Стадо еще не тронулось в путь. Онисе не отходил от него. Сердце тяжело стучало в груди, душу терзала печаль. Надо с детства жить около своего стада, чтобы понять чувства, которые обуревали Онисе.

Наконец стадо двинулось. Опираясь на посох, стоял Онисе у дороги и безмолвно следил за ним. Стадо текло мимо, и вся жизнь Онисе, казалось, проходила перед его мысленным взором. Вот идет пестроголовая годовалая овечка, которая крошечным ягненком осталась без матери, и Онисе долго выхаживал, нежил и холил ее. А вон холощеный баран. Блюстители порядка как-то хотели отнять его у Онисе, и он возмутился против несправедливости и отстоял его; а вон и козел, которого он отпустил вожаком с отарой, отправленной в Дзауг для продажи, и какой-то толстопузый купец захотел тогда завладеть вожаком, уверяя, что и он входит в купленное стадо. Онисе припомнил, сколько сил пришлось ему потратить, чтобы отстоять свои справедливые права на этого козла. А вот и широкогрудый вожак-баран, которого Онисе из года в год выставлял на бой баранов и ни разу не знал с ним поражения. Ему вспомнился его задор на боевой арене, его высокие прыжки и громоподобные удары рогов, неизменно восхищавшие горца.
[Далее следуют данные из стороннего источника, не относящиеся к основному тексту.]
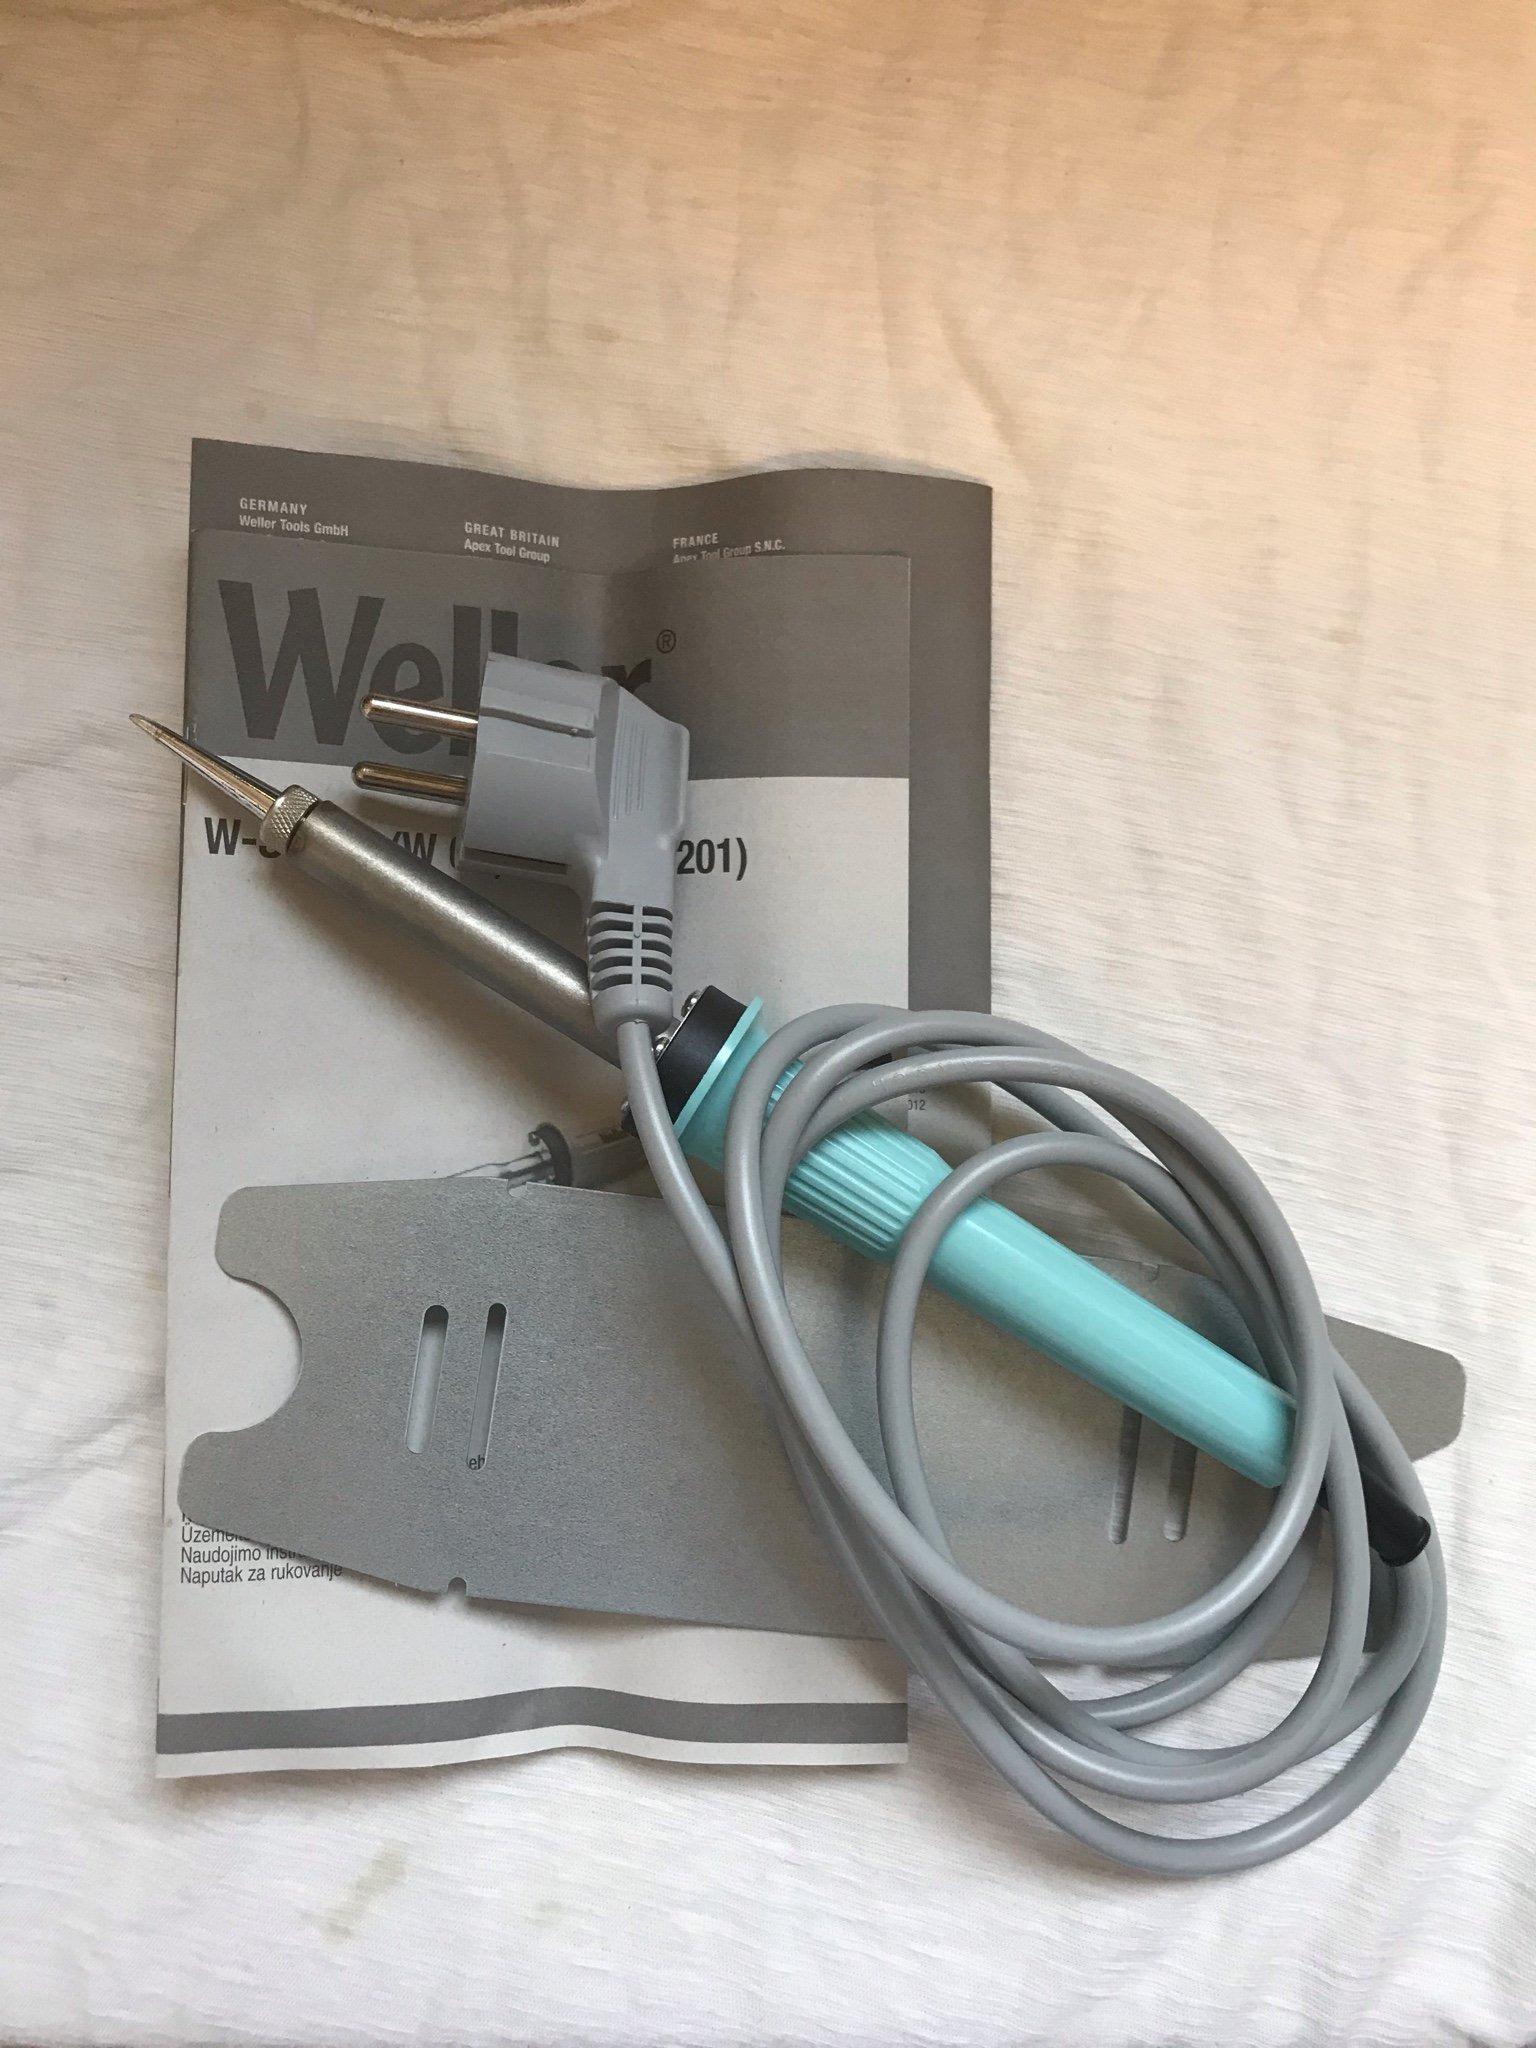 Strålande Lödkolv Weller W 61 Electric Soldering Iron, 60W (360260439) ᐈ XO-67

О каждом животном Онисе мог что-нибудь вспомнить, каждое было чем-нибудь связано с его собственной жизнью. Баран узнал хозяина, узнал человека, с которым не раз делил свою славу. Он, словно гордясь своей верной службой, высоко закинул голову и зашагал прямо к нему. Спокойно и надменно покачивал он большими рогами, могуче сросшимися над крутым лбом. Он напряг шею и, еще выше задрав голову, с силой втянул ноздрями воздух. А потом, как бы охваченный страстью борьбы, стал тереться рогами о колени хозяина.

Мохевец долго ласкал барана, и тот как будто чувствовал, что навсегда прощается с другом. Пора было расстаться, стадо ушло далеко, и Онисе, подтолкнув барана, погнал его прочь от себя. Тот сделал несколько шагов вперед, потом, удивленный и обиженный, остановился, повернул голову и, навострив уши, посмотрел на хозяина долгим преданным и печальным взглядом Онисе не выдержал этого взгляда, махнул рукой и отвернулся.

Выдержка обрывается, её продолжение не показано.